Sample size is a big factor in the margin of error: generally, the larger the sample the smaller the margin of error as we get closer to representing the population.  (We can’t survey approximately all 307,006,550 people in the US now, can we!) So if the sample was 10,000 instead of 1,000 we would expect that the margin of error would be smaller than plus or minus 5%.

These concepts are relevant in an assessment context as well. You may remember my previous post on Classical Test Theory and reliability in which I explained that an observed test score (the score a participant achieves on an assessment) is composed of a true score and error. In other words, the observed score that a participant achieves is not 100% accurate; there is always error in the measurement. What this means practically is that if a participant achieves 50% on an exam their true score could actually be somewhere between say 44% and 56%.

This notion that observed scores are not absolute has implications for verifying what participants know and can do. For example, a  participant who achieves 50% on a crane certification exam (on which the pass score is 50%) would pass the exam and be able to hop into a crane, moving stuff up and down and around. However, achieving a score right on the borderline means this person may not, in fact, know enough to pass the exam if he or she were to take it again and then be certified on crane operation. His/her supervisor might not feel very confident about letting this person operate that crane!

To deal with the inherent uncertainty around observed scores, some organizations factor this margin of error in when setting the cut score…but this is another fun topic that I touched on in another post. I believe a best practice is to incorporate a confidence interval into the reporting of scores for participants in order to recognize that the score is not an “absolute truth” and is an estimate of what a person knows and can do.
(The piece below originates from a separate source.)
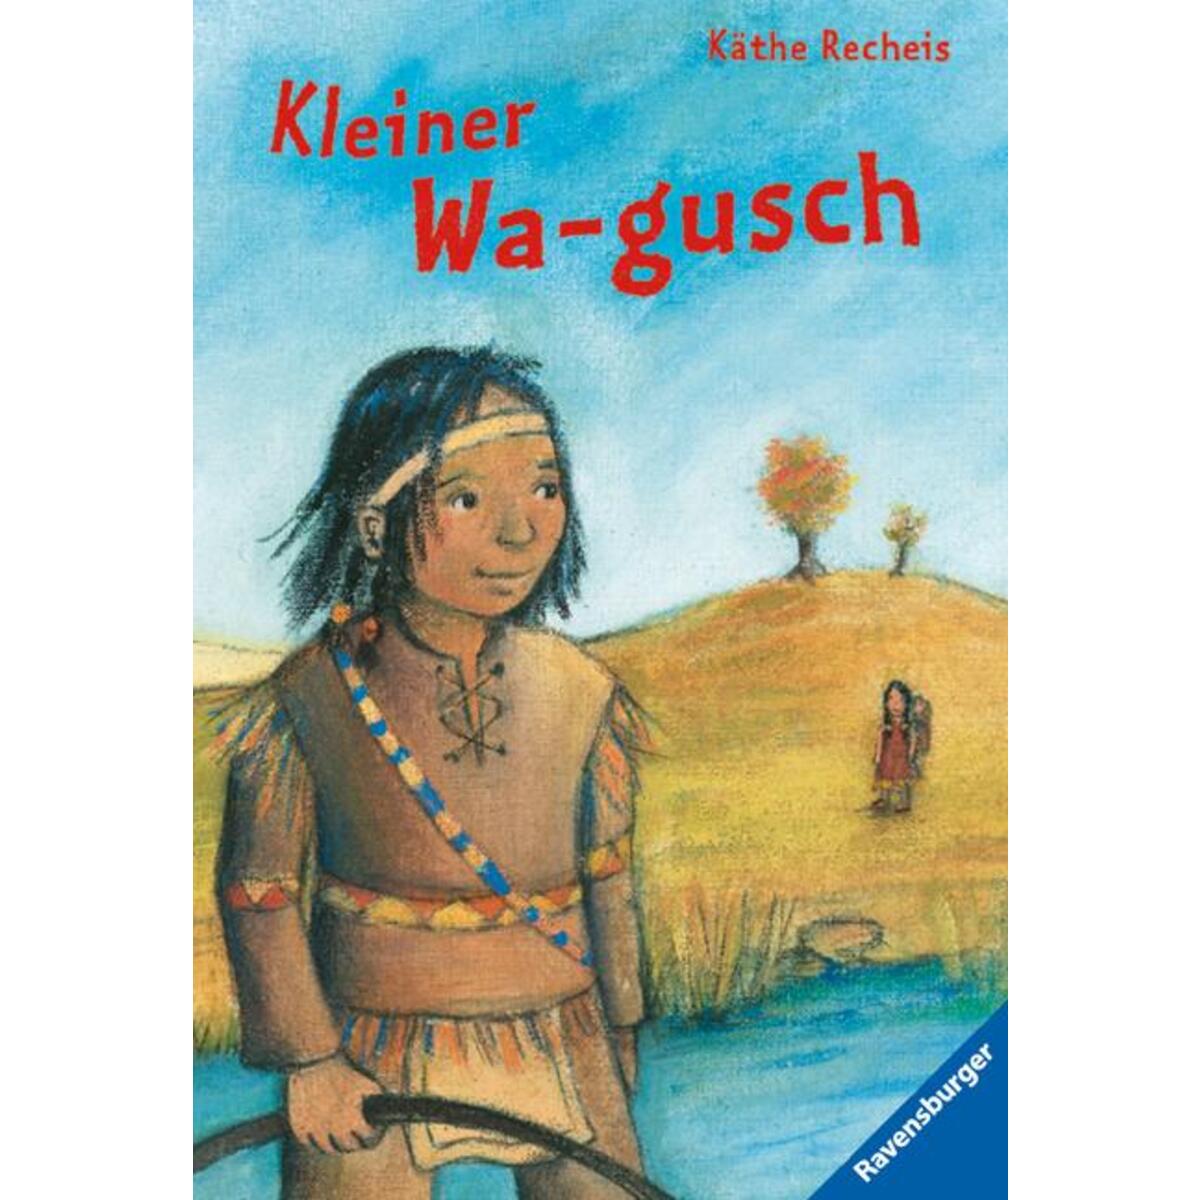 Kleiner Wa-gusch von Ravensburger Verlag

A simple example of a participant report I created to demonstrate this shows a diamond that encapsulates the participant score; the vertical height of the diamond represents the confidence interval around the participant’s score.

In some of my previous posts I talked about how sample size affects the robustness of item level statistics like p-values and item-total correlation coefficients and provided graphics showing the confidence interval ranges for the statistics based on sample sizes. I believe confidence intervals are also very useful in this psychometric context of evaluating the performance of items and tests. For example, often when we see a p-value for a question of 0.600 we incorrectly accept this as the “truth” that 60% of participants got the question right. In actual fact, this p-value of 0.600 is an observation and the “true” p-value could actually be between 0.500 and 0.700, a big difference when we are carefully choosing questions to shape our assessment!

With the holiday season fast approaching, perhaps Santa has a confidence interval in his sack for you and your organization to apply to your assessment results reporting and analysis!